- [DATA SECTION]

-------

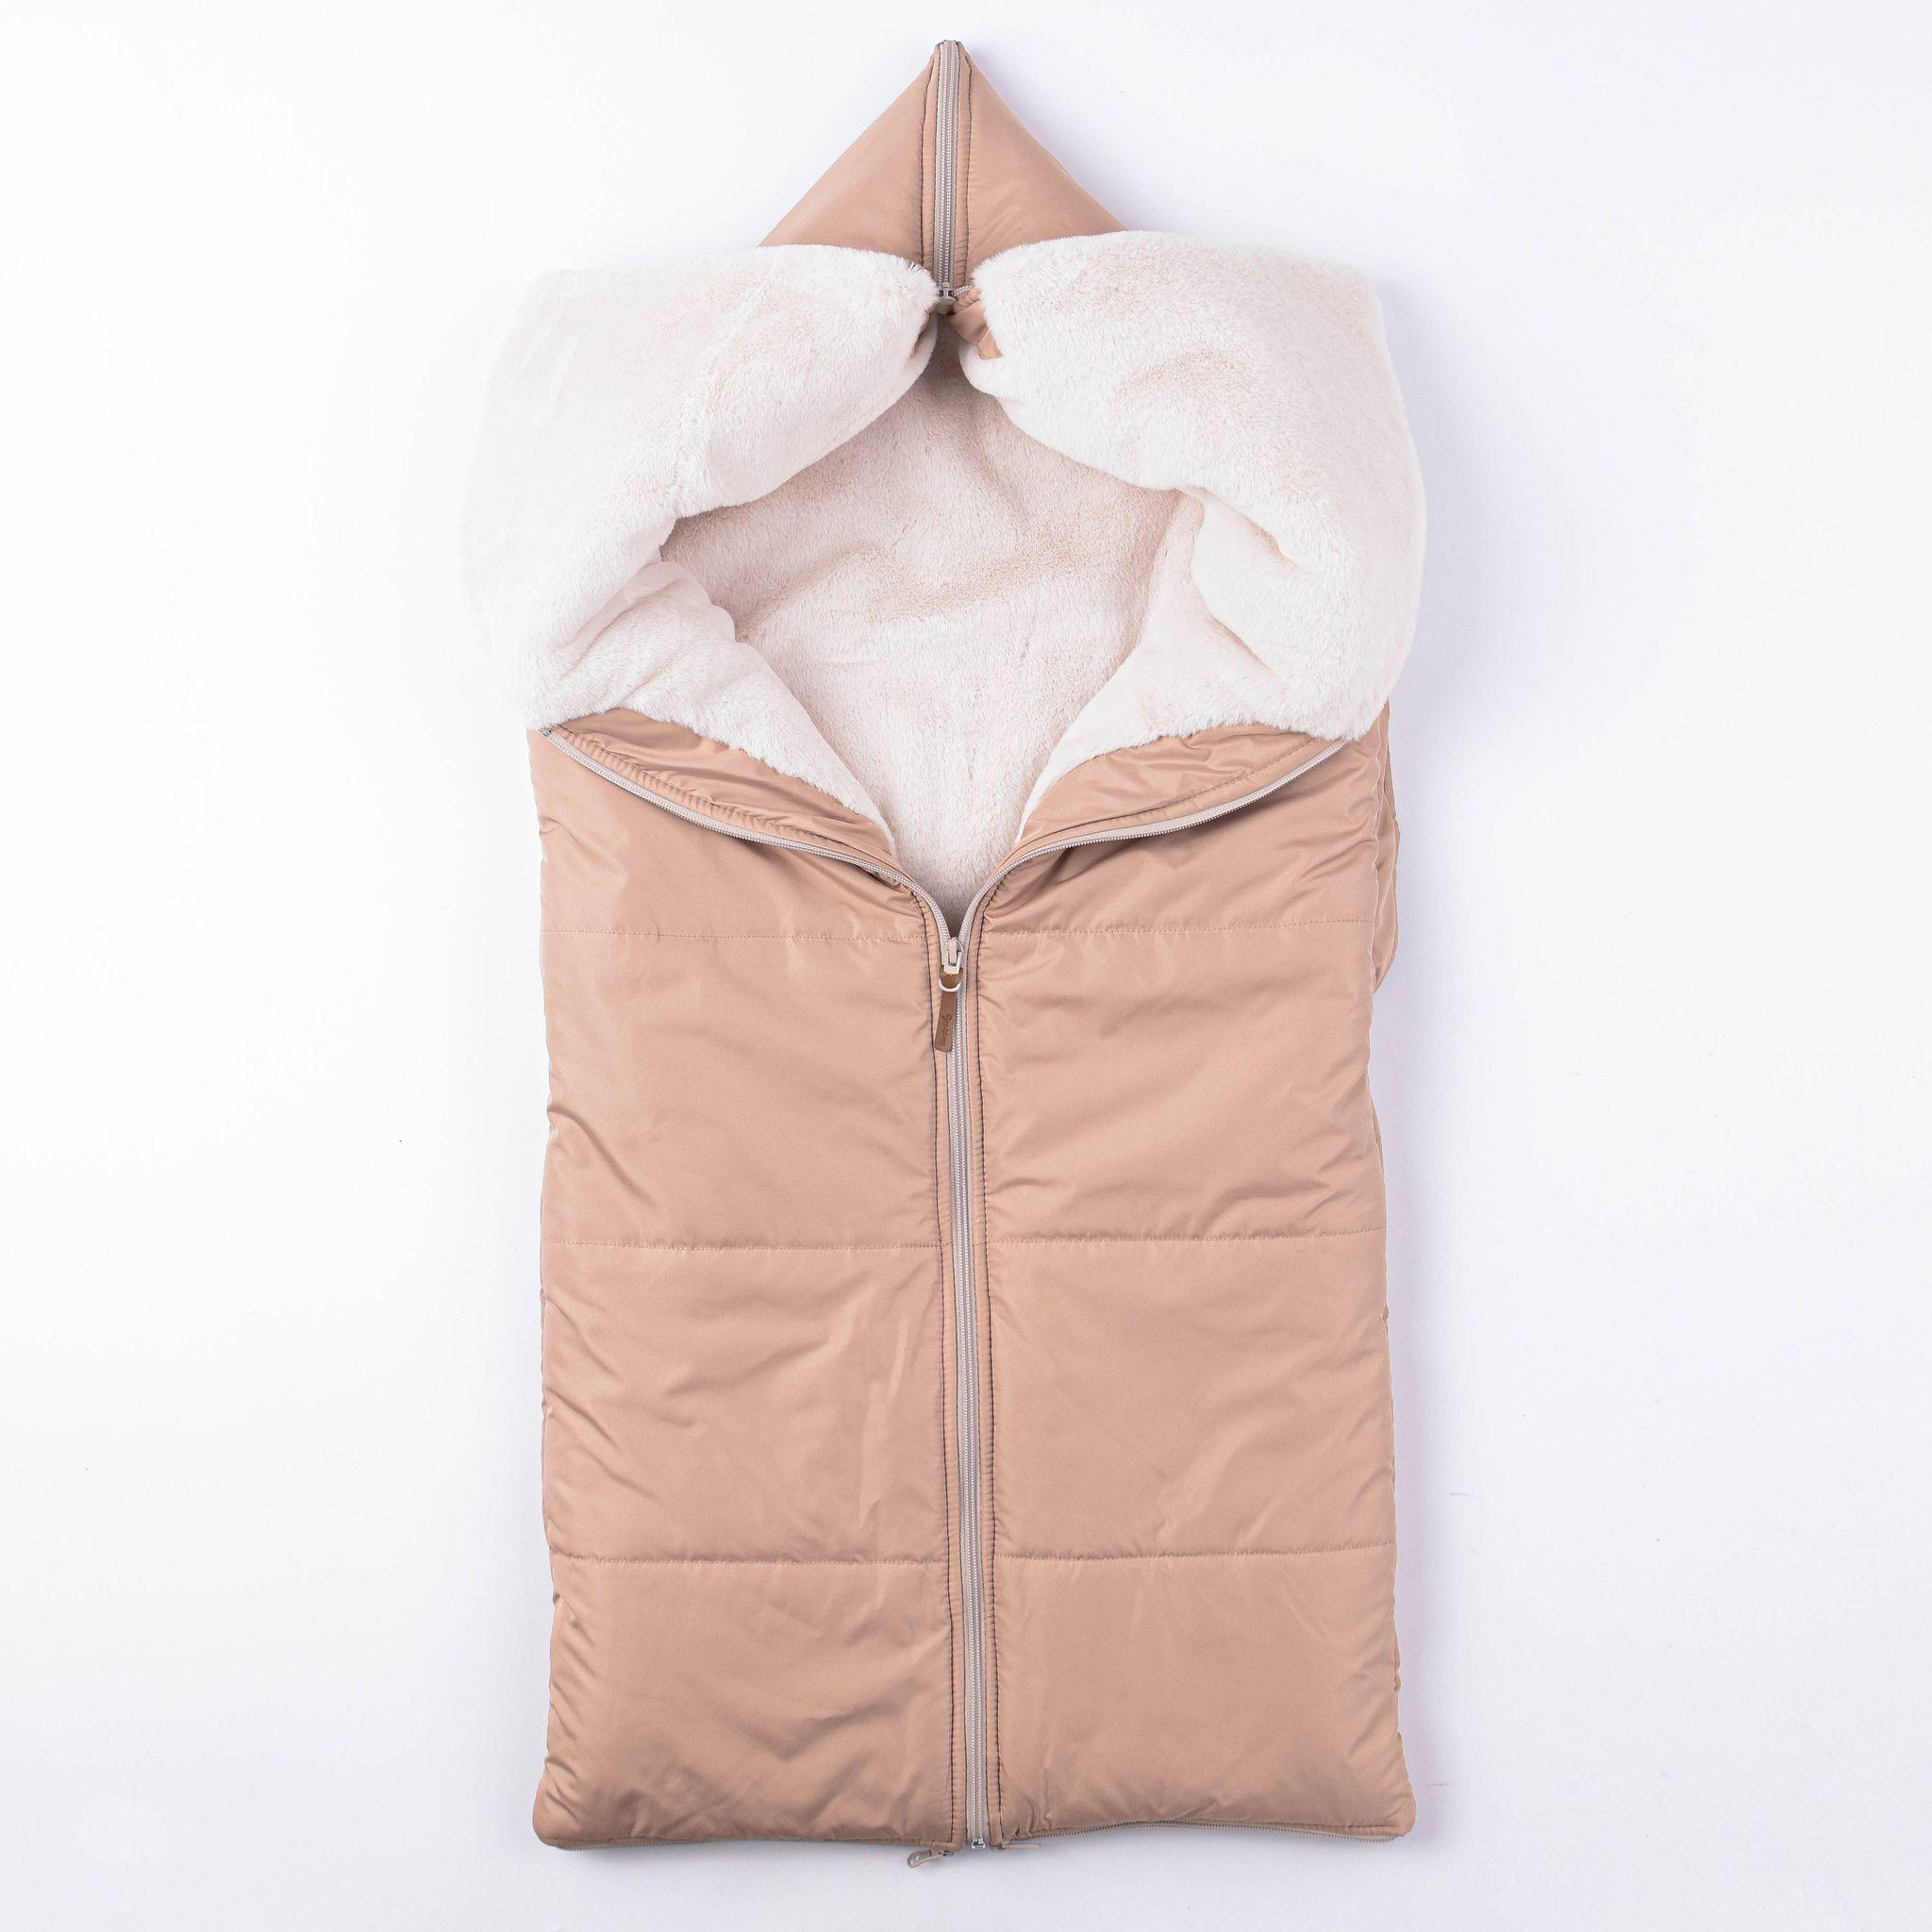 Конверт-одеяло на меху
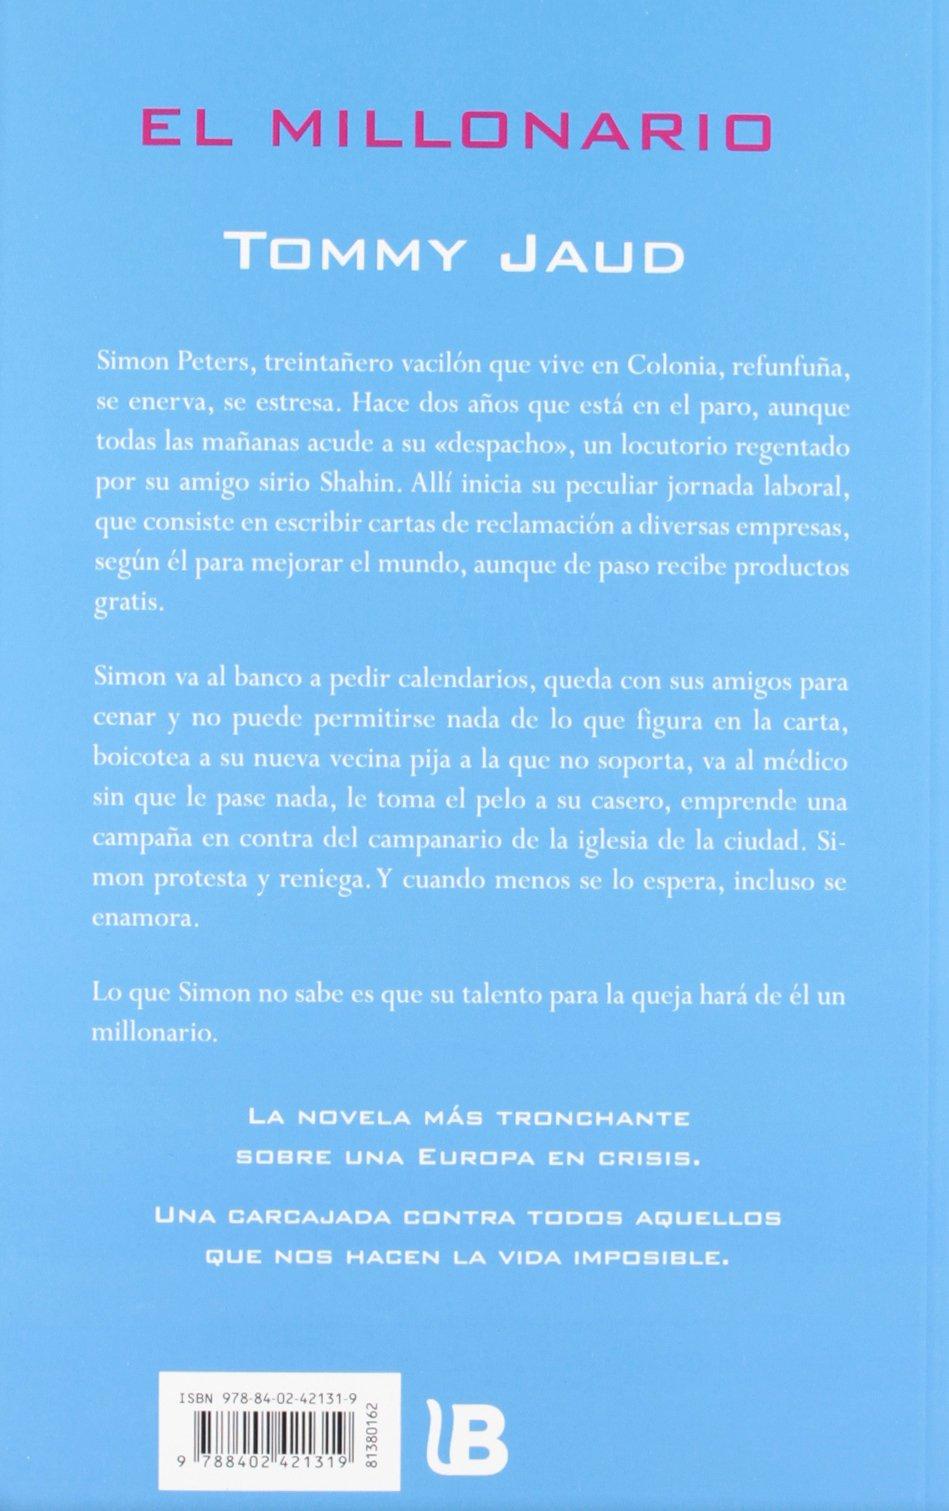 El millonario (Spanish Edition): Tommy Jaud: 9788402421319: Amazon.com: Books
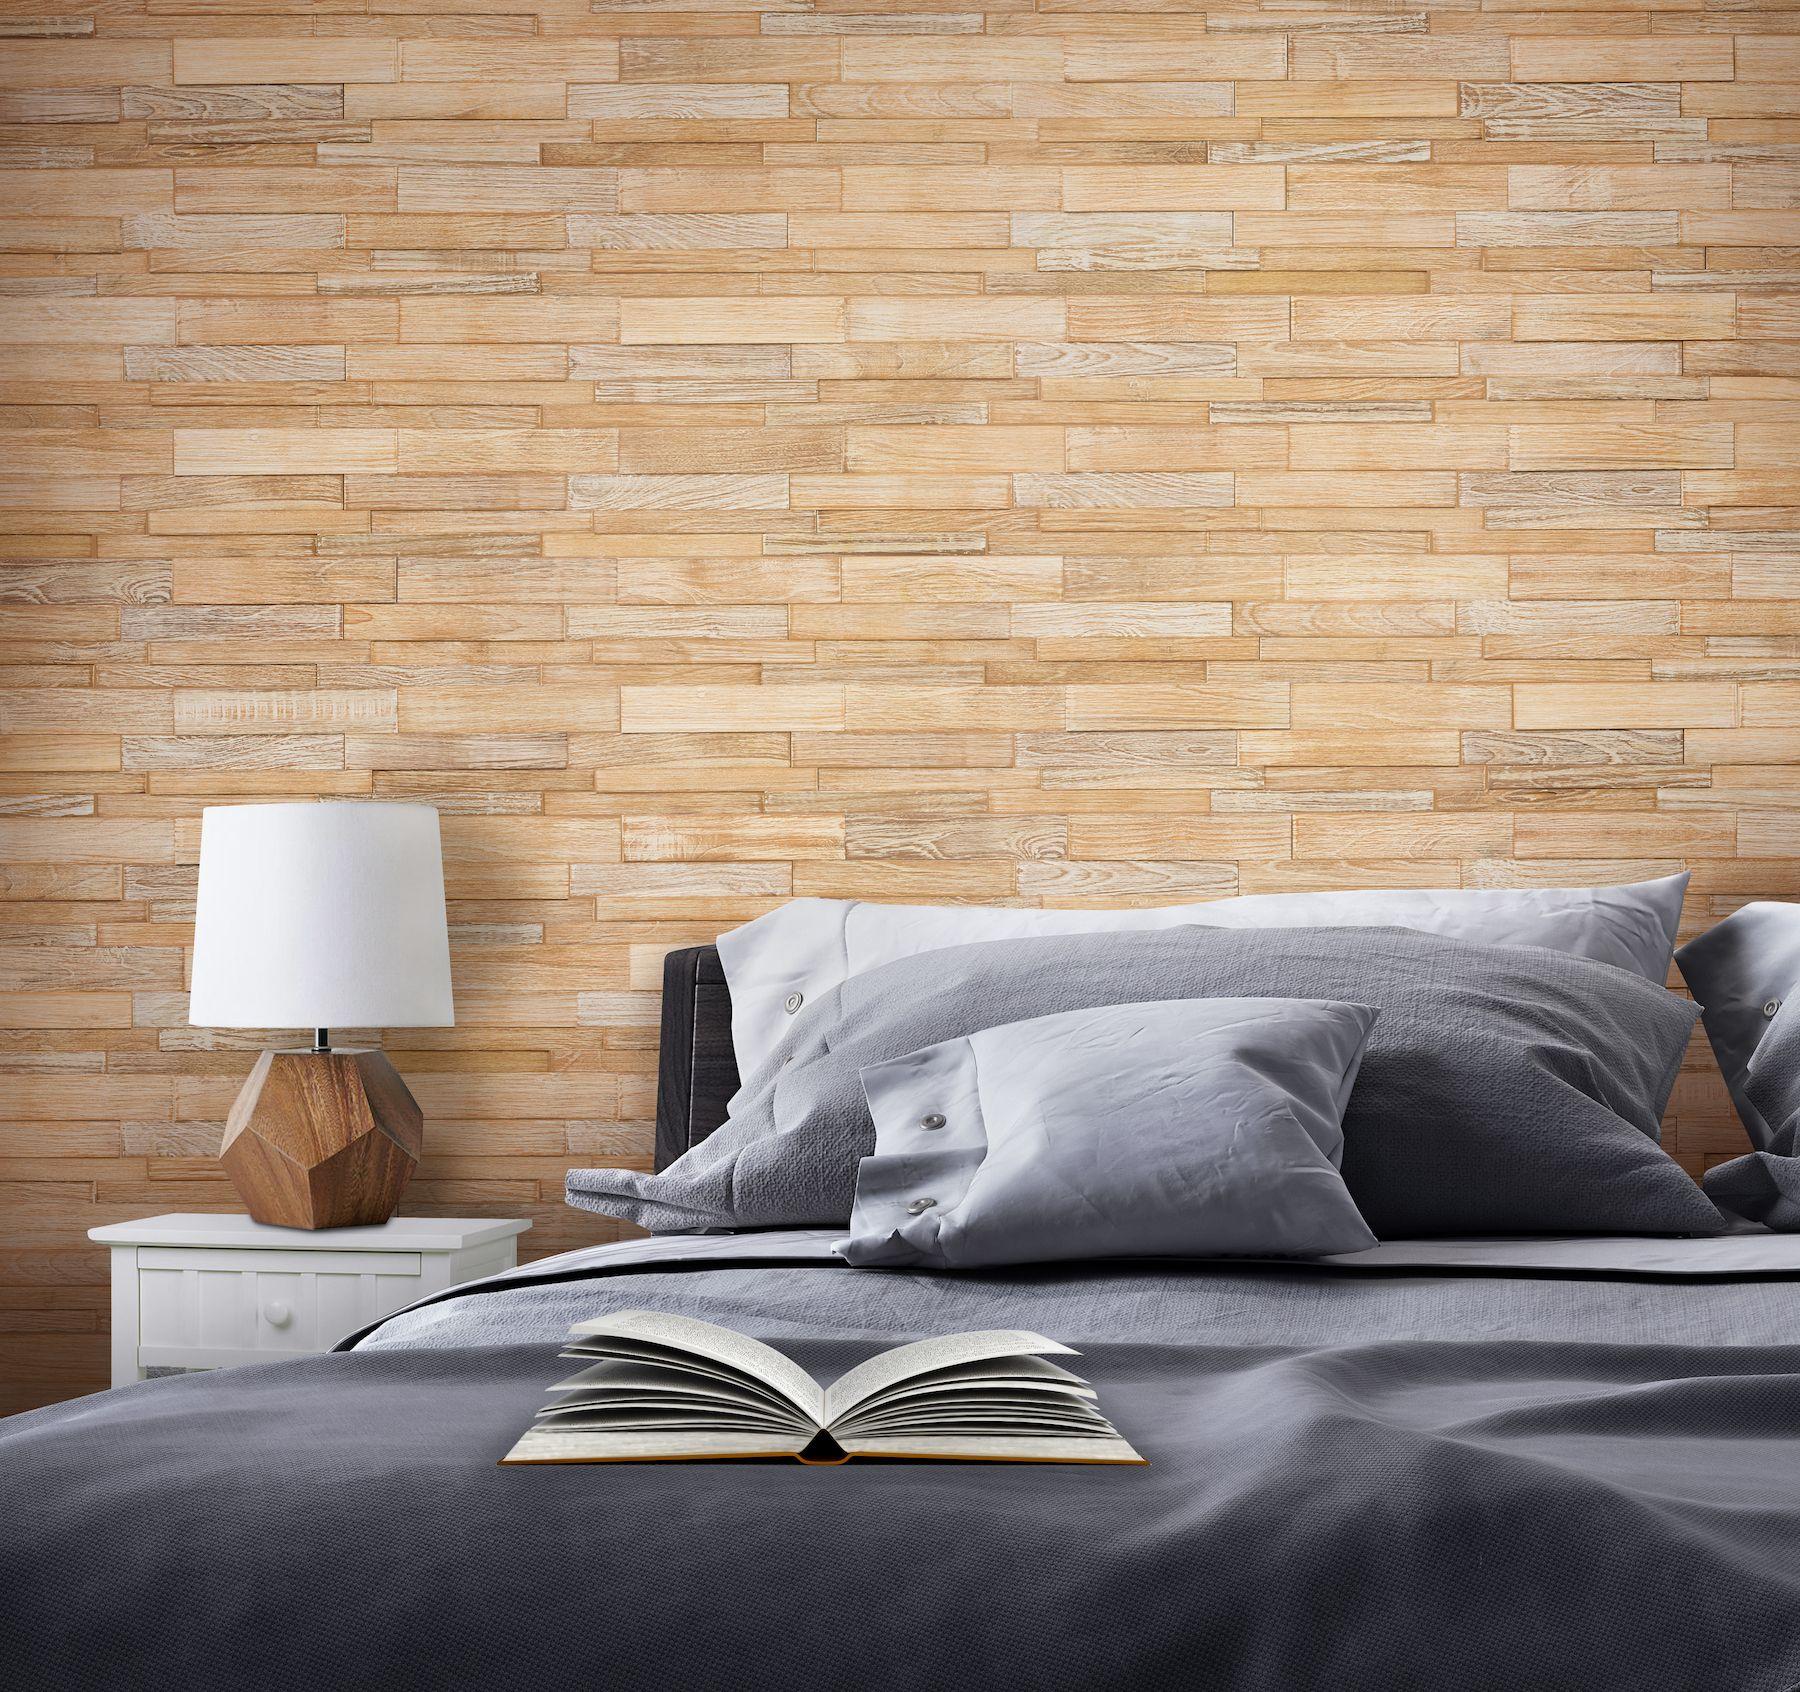 Indonesian Teak Linear Wood Wall Tile Whitewash Finish
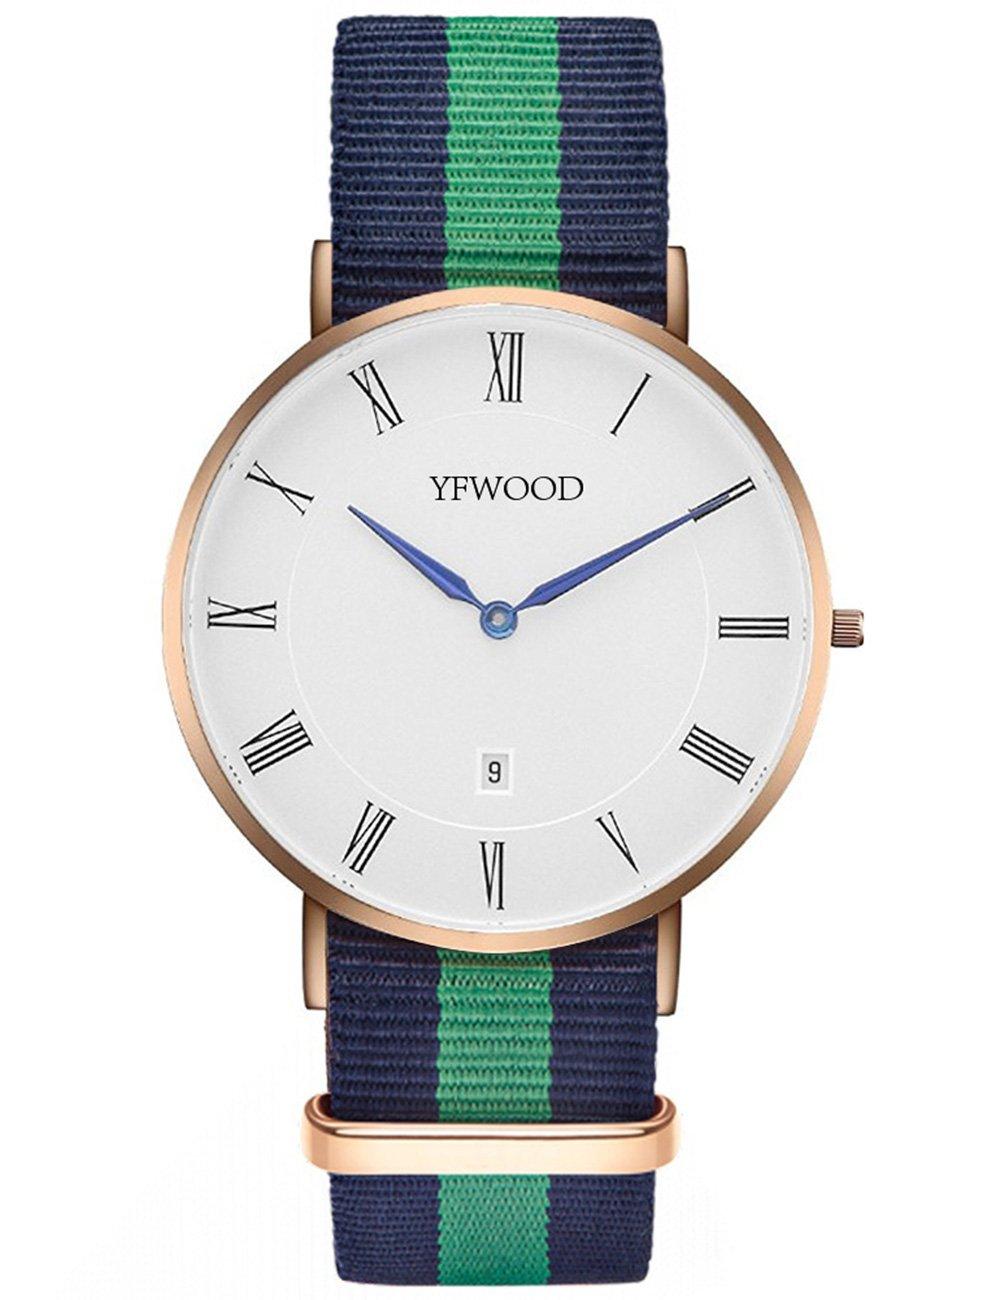 Quartz Watch Nylon Band Unisex Wrist Watch Classic Casual Waterproof Watch Round Dial Business Watch

-------

- [EXERCISE AIM] Leaving out all pictures, transcribe the listing exactly.

- [SOLUTION FOR THIS EXERCISE]
 Конверт-одеяло на меху
 El millonario (Spanish Edition): Tommy Jaud: 9788402421319: Amazon.com: Books
 Indonesian Teak Linear Wood Wall Tile Whitewash Finish
 Quartz Watch Nylon Band Unisex Wrist Watch Classic Casual Waterproof Watch Round Dial Business Watch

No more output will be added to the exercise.